Após novos protestos contra viajantes em cidades como Barcelona, Gênova e Lisboa, o Airbnb publicou um relatório isentando o aluguel de curta temporada da responsabilidade pelo turismo excessivo no Velho Continente. Mais do que isso, a plataforma atribui aos hotéis o principal peso do problema. A resposta do setor hoteleiro europeu foi imediata e, para as grandes redes, a acusação é injusta, desproporcional e desconsidera o impacto da operação de empresas de short-term rental. As informações são do Phocuswire.
O estudo, divulgado em junho, afirma que quase 80% das pernoites nos países da UE (União Europeia) ocorrem em hotéis ou acomodações similares. Segundo a plataforma, os aluguéis de curta temporada, ao contrário do que se pensa, seriam parte da solução e não do problema.
A empresa também utiliza o argumento de que o modelo ajuda a dispersar o fluxo turístico para além dos centros urbanos, oferecendo flexibilidade em períodos de alta demanda sem gerar estoques ociosos na baixa temporada. Ainda de acordo com o Airbnb, hotéis concentram-se em áreas já saturadas e contribuem para a superlotação dos destinos.

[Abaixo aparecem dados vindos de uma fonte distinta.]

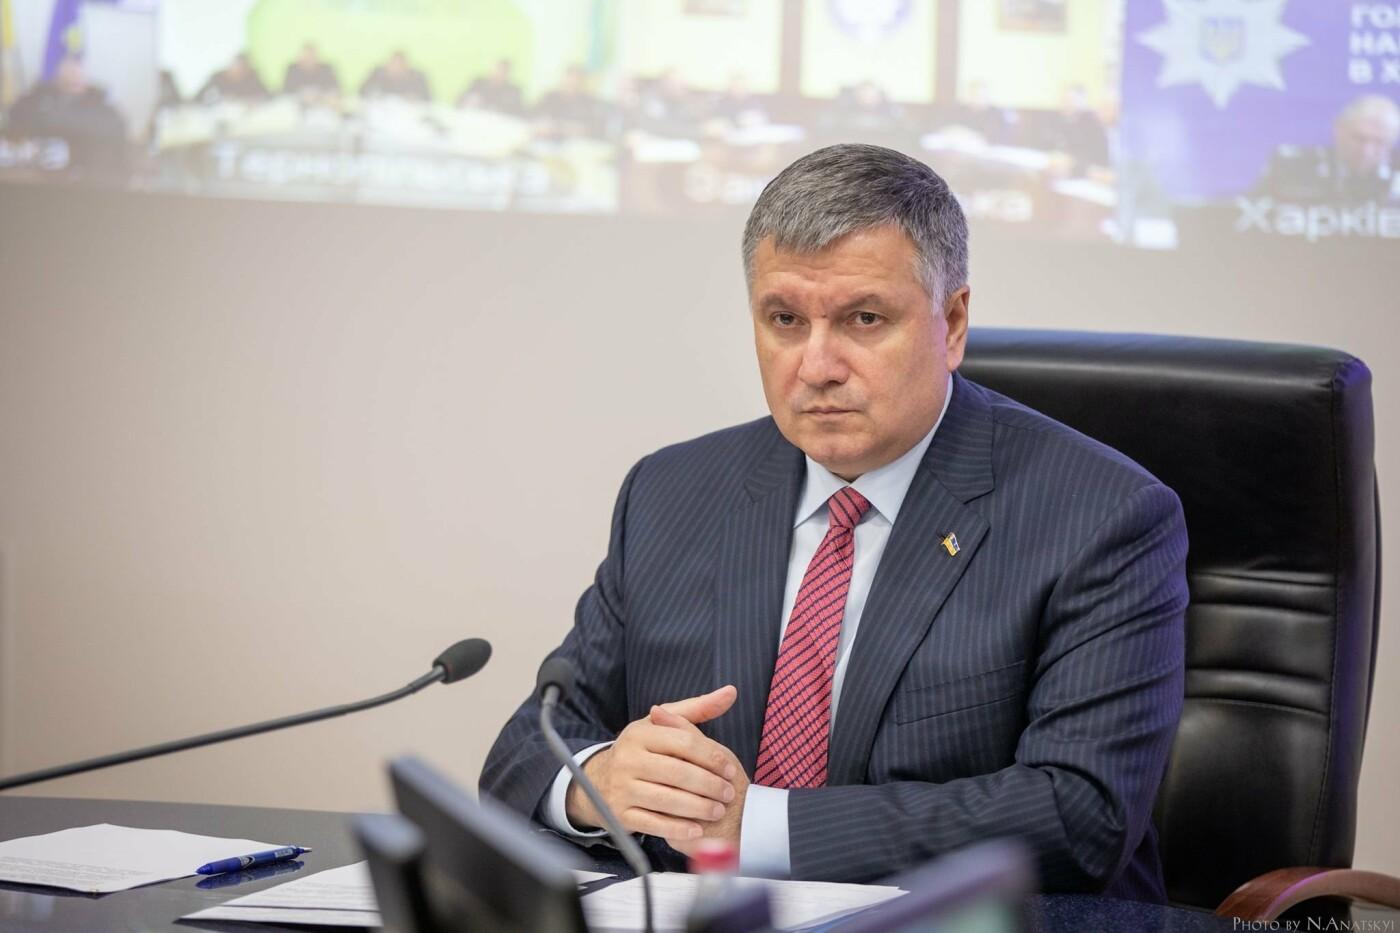 Поліцейський з Рівненщини Князєв стане радником Авакова, фото-1

No relatório, a companhia cobrou maior atenção dos governantes da região ao “impacto avassalador” dos hotéis e de outros fatores, incluindo alta no fluxo aéreo e marítimo ligado ao turismo. “Eliminar os STRs não resolverá o problema da superlotação. É preciso promover a descentralização e buscar alternativas fora dos roteiros tradicionais”, aponta o relatório.
Reação do setor hoteleiro
A resposta do setor foi dura. Gabriel Escarrer, presidente e CEO da Meliá Hotels International, classificou as alegações do Airbnb como “injustas e hipócritas”. Ele argumenta que, nos últimos 10 anos, o crescimento dos hotéis na Espanha foi de apenas 2,5%, enquanto os aluguéis por temporada cresceram 135%.
“Esse avanço sem controle compromete a convivência nos bairros e sobrecarrega a infraestrutura pública, sem qualquer planejamento urbano ou regulação”, afirma. Ainda de acordo com o executivo, um modelo turístico mais sustentável deveria ser aplicado.
A Accor também rebateu as críticas, afirmando que os hotéis são integrados às comunidades locais e relevantes para economia da região. “O sucesso dos hotéis lifestyle mostra como nossos empreendimentos atraem tanto visitantes quanto moradores, promovendo um ciclo virtuoso de desenvolvimento urbano e social”, comenta a rede francesa.
Contexto regulatório e desafios
A ofensiva regulatória contra os STRs tem se intensificado, já que destinos como Barcelona planejam proibir os aluguéis turísticos até 2028 e o governo espanhol discute a aplicação de IVA (imposto sobre valor agregado) de 21% ao setor. Em maio, o Airbnb foi obrigado a retirar 65 mil anúncios na Espanha considerados ilegais. A decisão gerou queda de aproximadamente 3% no valor das ações da companhia.
Para Debbie Hindle, presidente global do ICRT (International Centre for Responsible Tourism), o relatório do Airbnb foi motivado pelos riscos legais que ameaçam seu modelo de negócio. “As disputas jurídicas e novas leis estão pressionando a empresa, que agora tenta transferir a responsabilidade para os hotéis”, aponta.
Além da Espanha, a plataforma enfrenta restrições em cidades como Nova York e Nova Orleans. Para Harold Goodwin, fundador do ICRT, o turismo excessivo em Barcelona é discutido desde 2004 e a cidade não controla diretamente a chegada de turistas por vias aérea ou marítima.
Propostas
Escarrer também preside o Think Tank Exceltur, que é responsável por alertar para os efeitos da superlotação. Segundo o executivo, imóveis ilegais para aluguel de temporada já representam metade das casas disponíveis em destinos como as Ilhas Baleares e Canárias. “É preciso ir além de medidas simbólicas e entender a fundo a complexidade do problema”, destaca.
A Exceltur lidera a iniciativa Turismo Que Suma, uma PPP (parceria público privada) que busca mitigar os impactos do turismo excessivo com foco em governança, empatia e respeito às comunidades locais.
Fabián González, analista do Phocuswright, defende uma abordagem mais equilibrada. “A raiz do problema está nos anúncios ilegais, não no Airbnb como conceito. Todos os formatos de hospedagem precisam estar sujeitos à regulação local, ou não haverá condições justas de concorrência”, conclui.